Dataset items
========

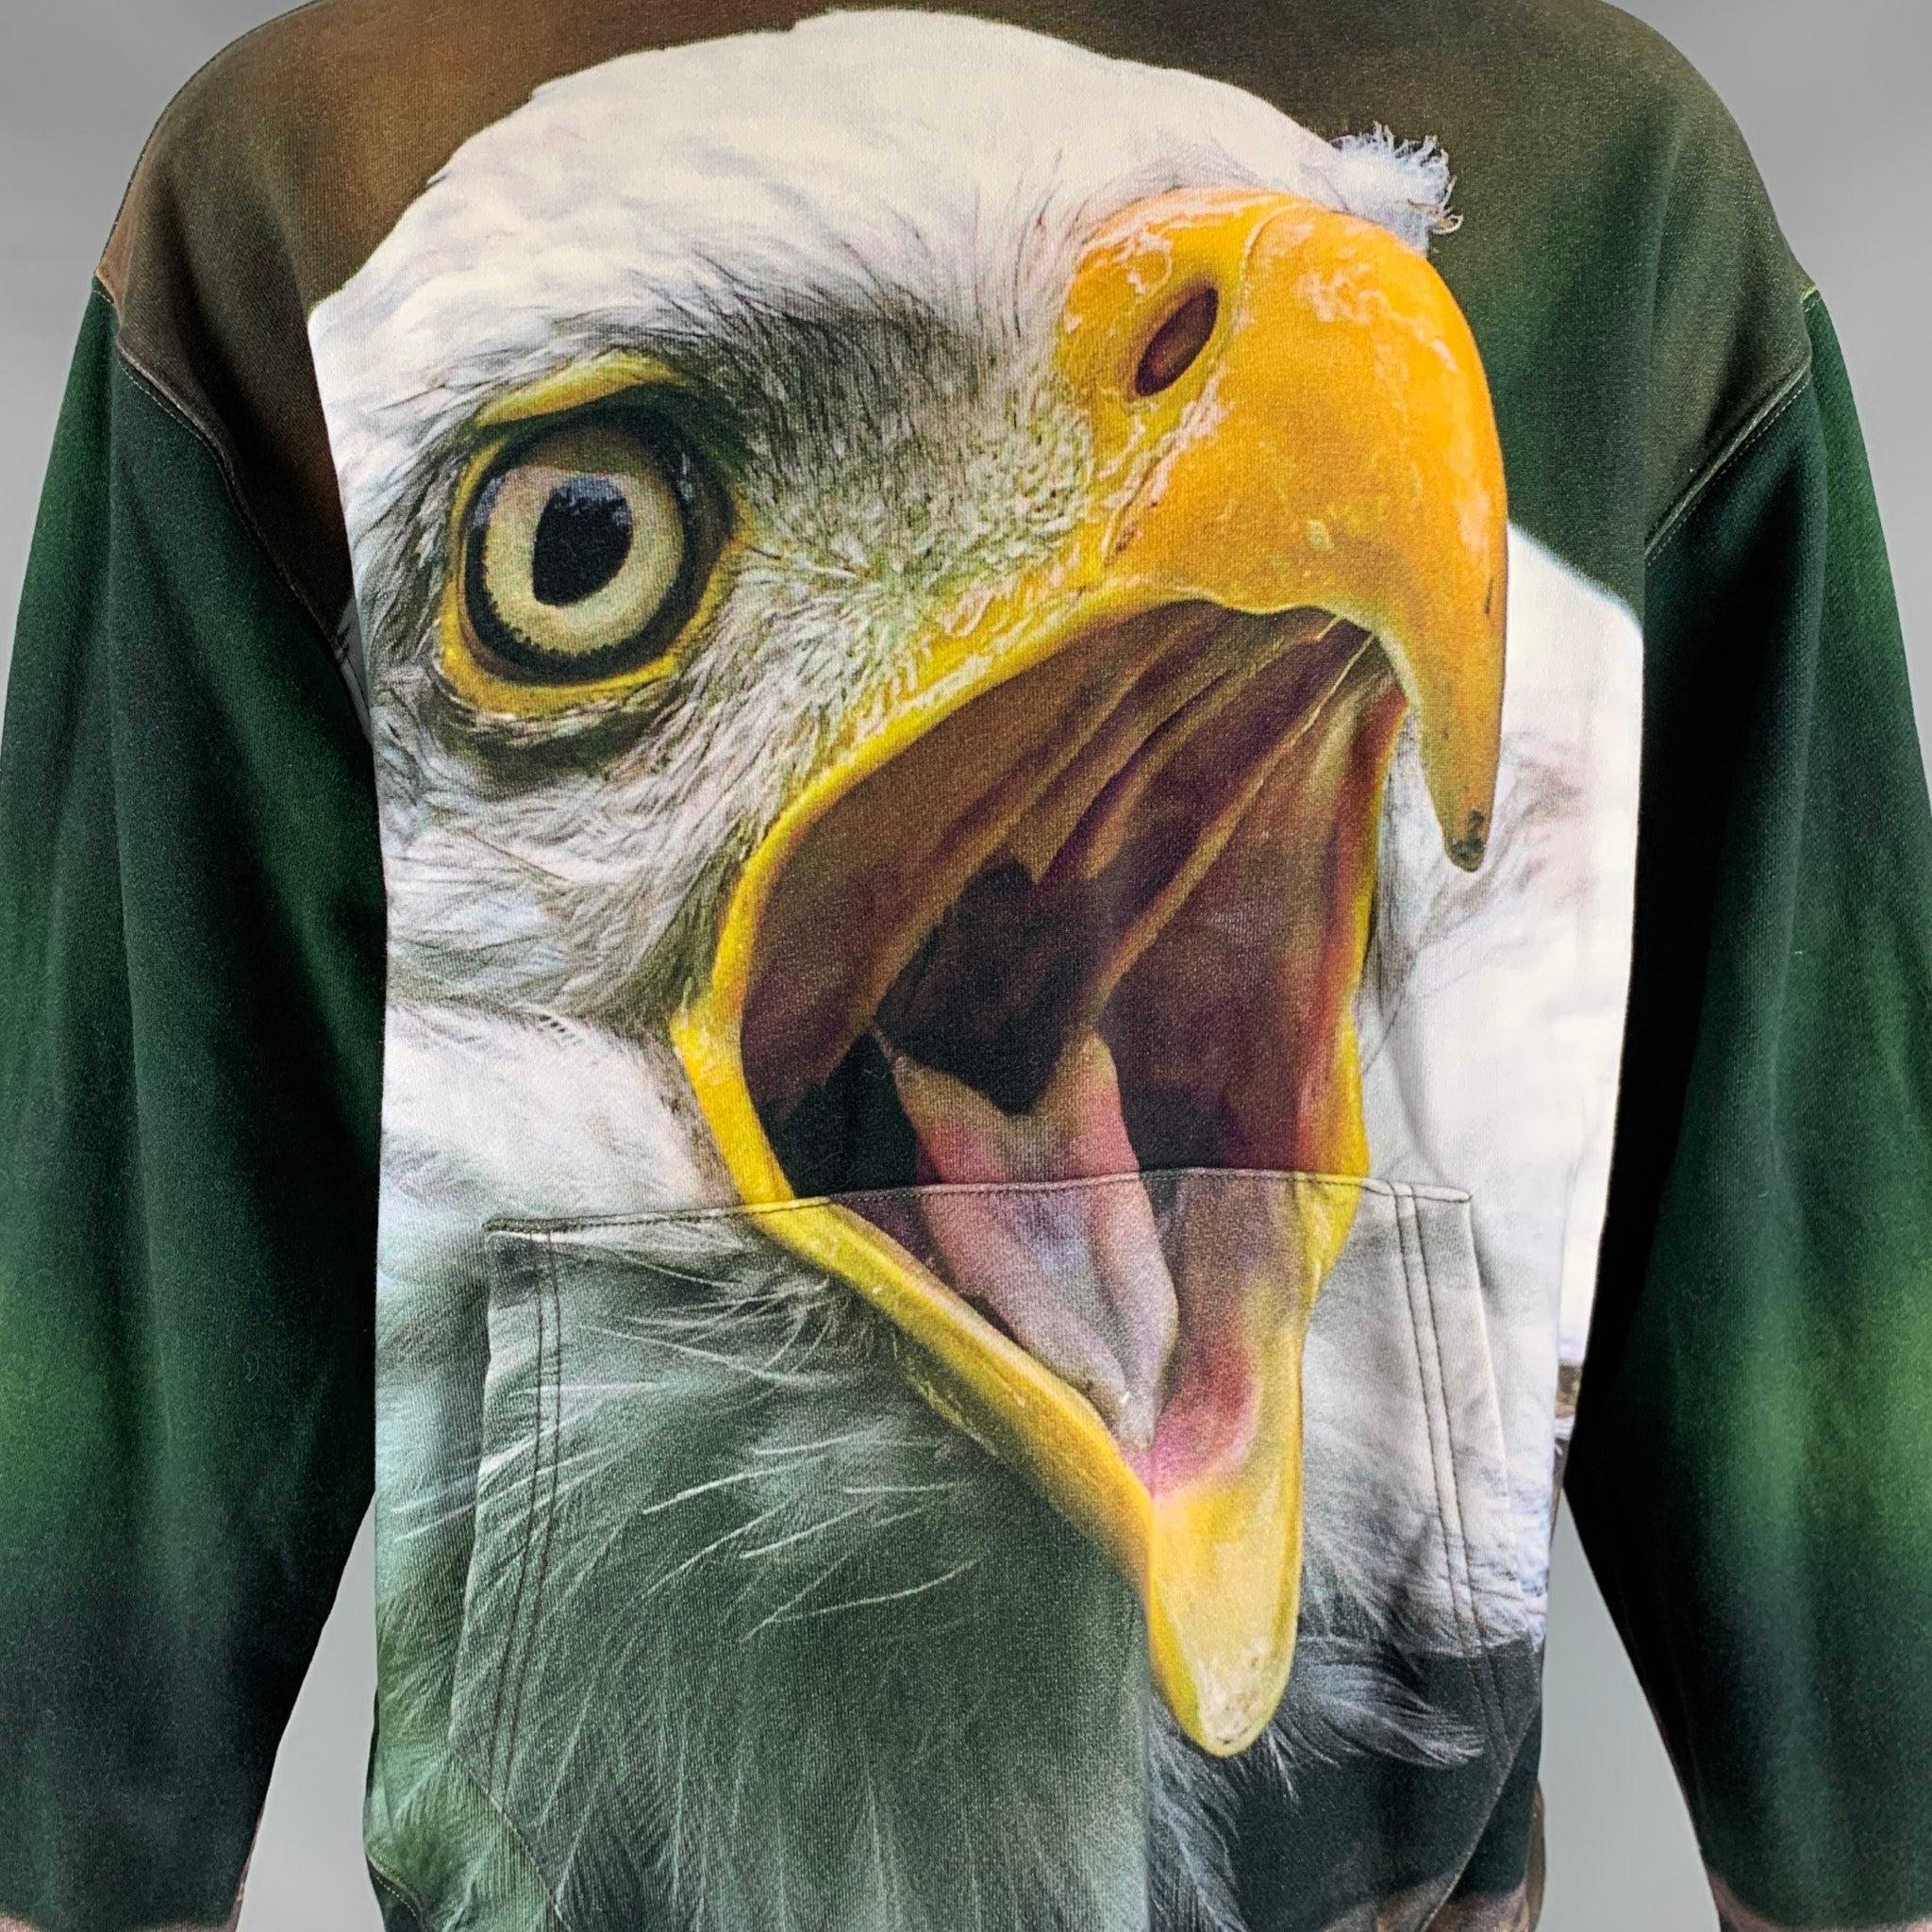 R13 sweatshirt
in a
green cotton fabric featuring oversized fit, eagle print, hooded style, and kangaroo pockets.Very Good Pre-Owned Condition. Missing hood drawstring. 

Marked:   S 

Measurements: 
 
Shoulder: 24 inches Chest: 50 inches Sleeve:
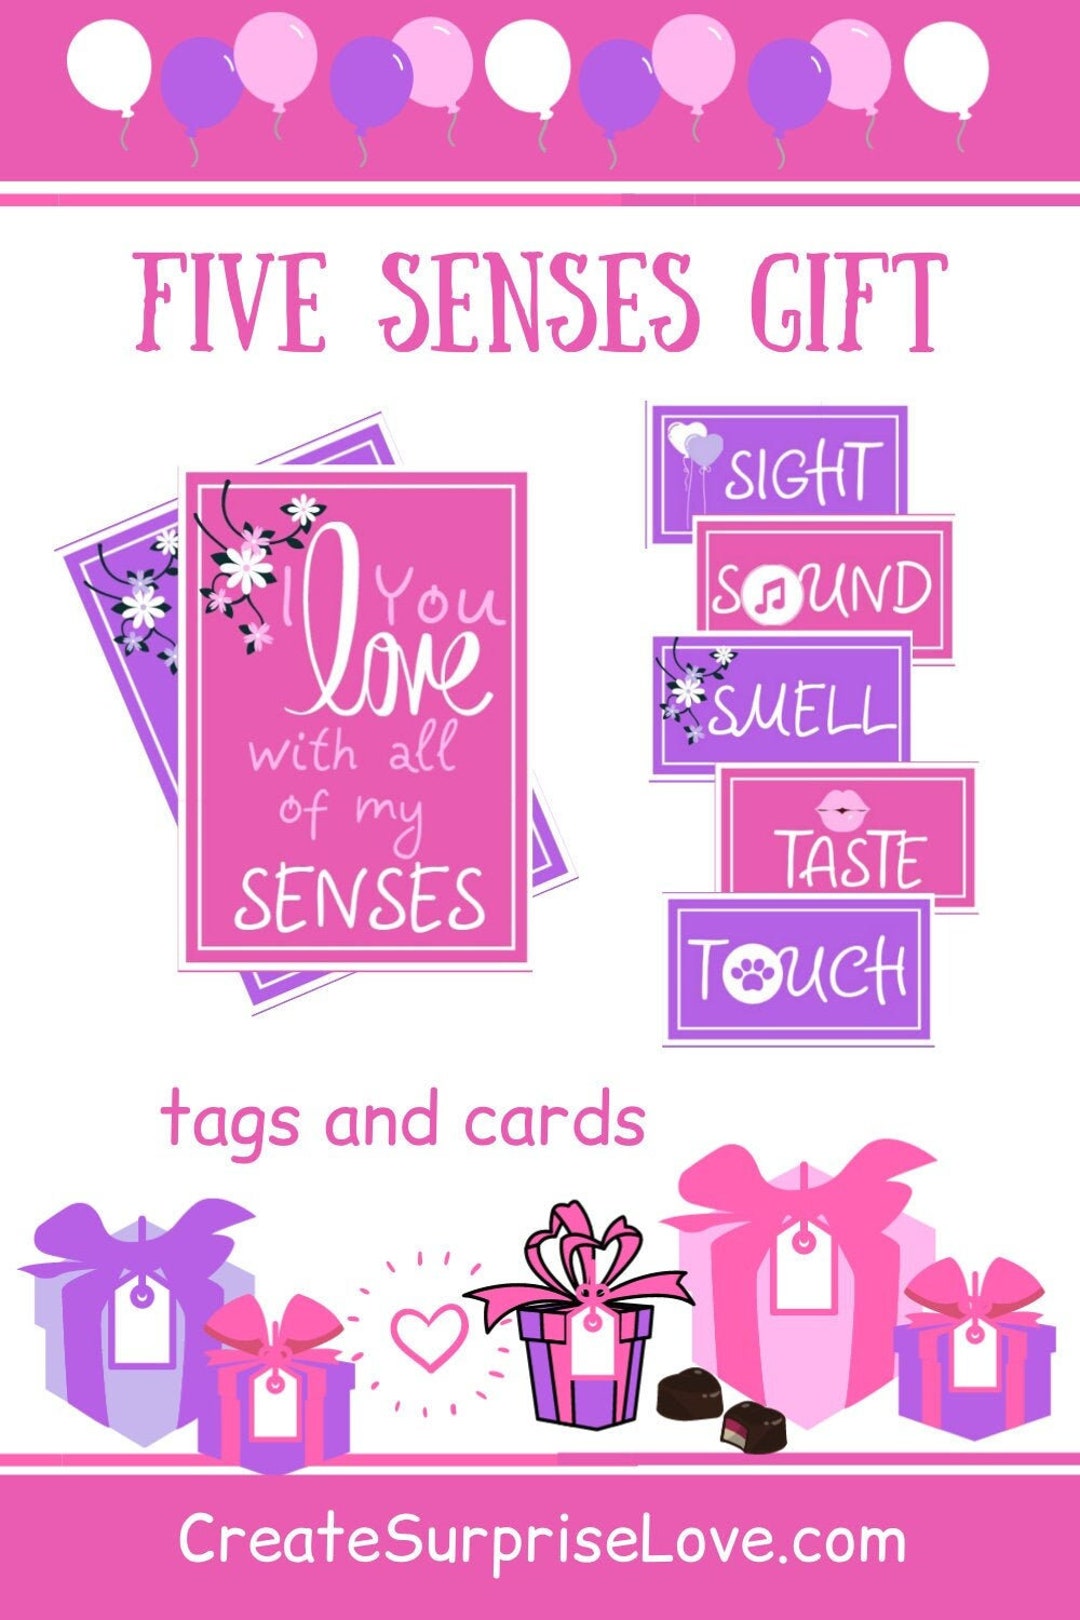 5 Senses Gift Tags Romantic Gifts for Her 1st Anniversary Gift
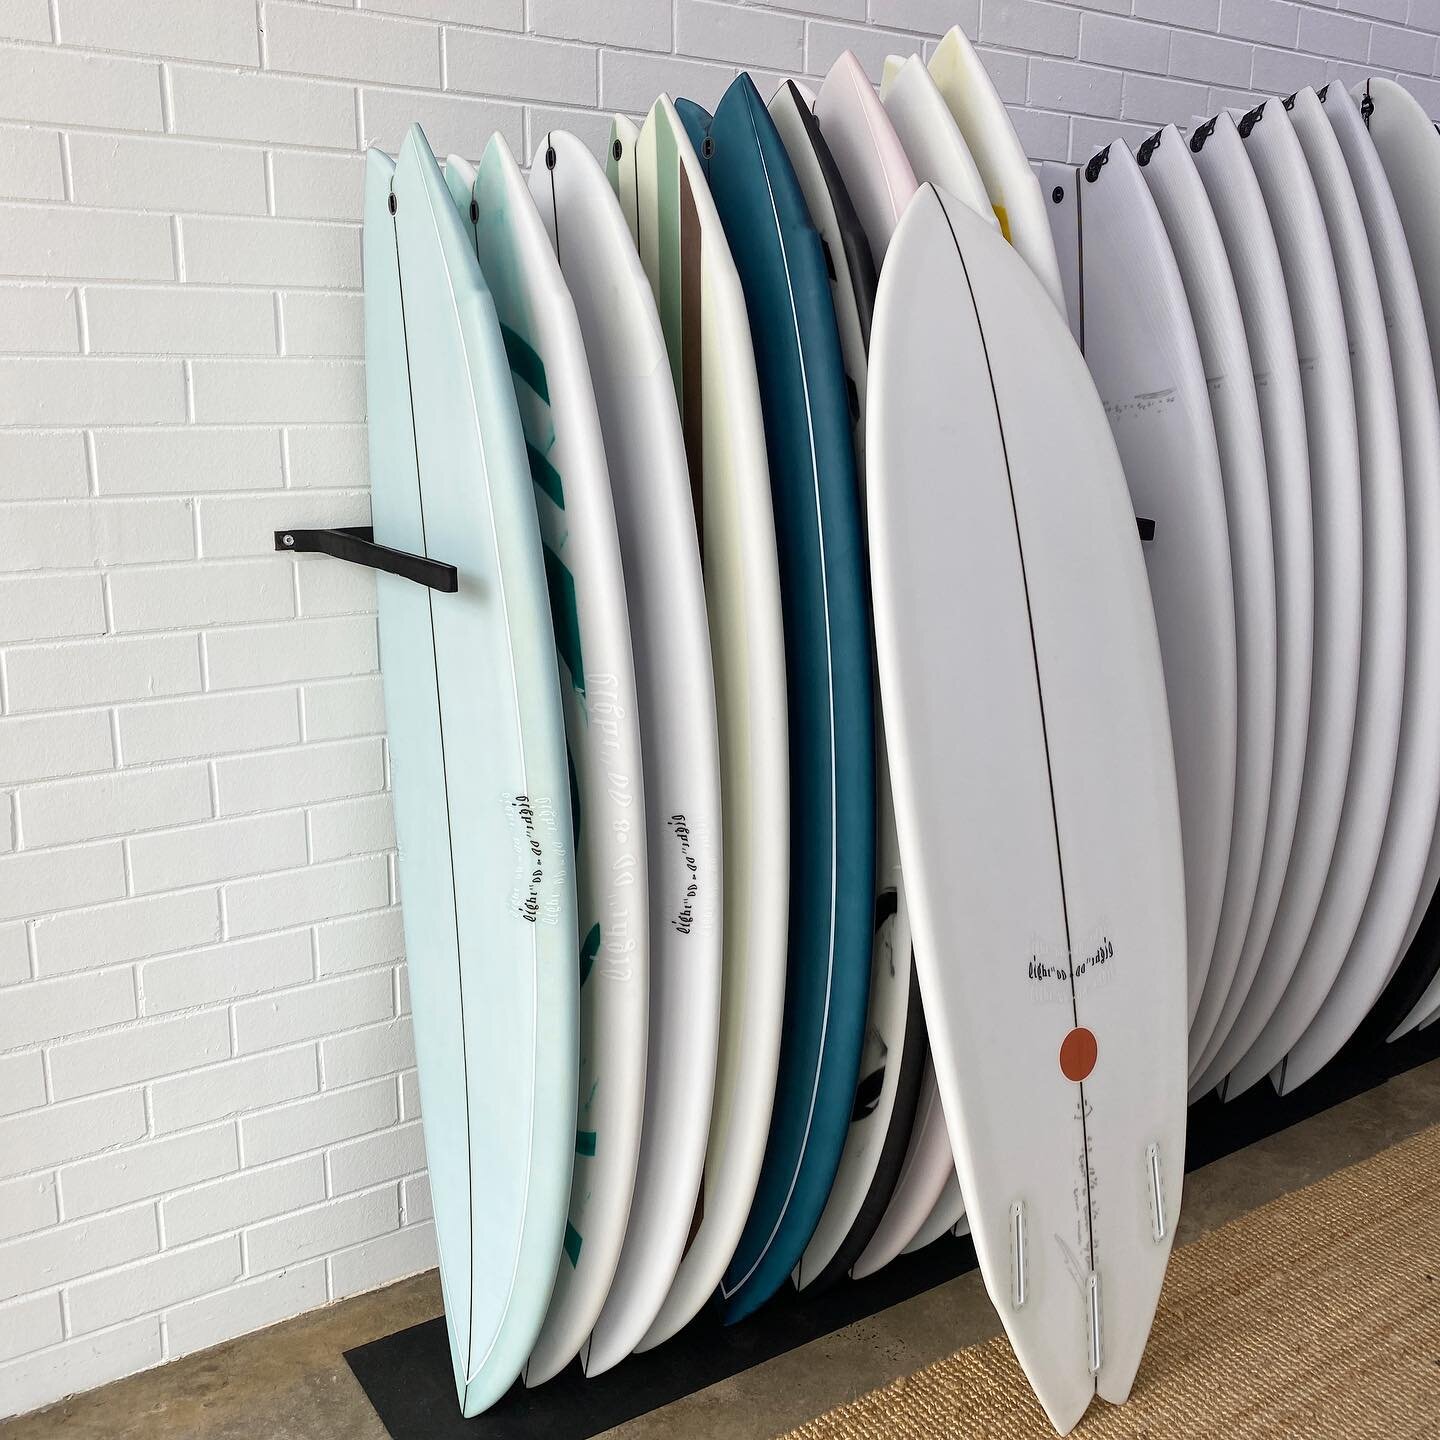 @80surfboards 
FUN MACHINES 🔥 

Looking for a fun a twinny to make your average spring surf a whole lot better, the BLACK MODEL twin is the one 😯 

Come have a feel before they&rsquo;re all gone 💨 

DM for any info

========

#### [Problem to work on]
Write down only the closing run of lines: the one containing "Looking for a" and every line after it to the end of the entries, exactly.

#### [Expected output]
Looking for a fun a twinny to make your average spring surf a whole lot better, the BLACK MODEL twin is the one 😯 

Come have a feel before they&rsquo;re all gone 💨 

DM for any info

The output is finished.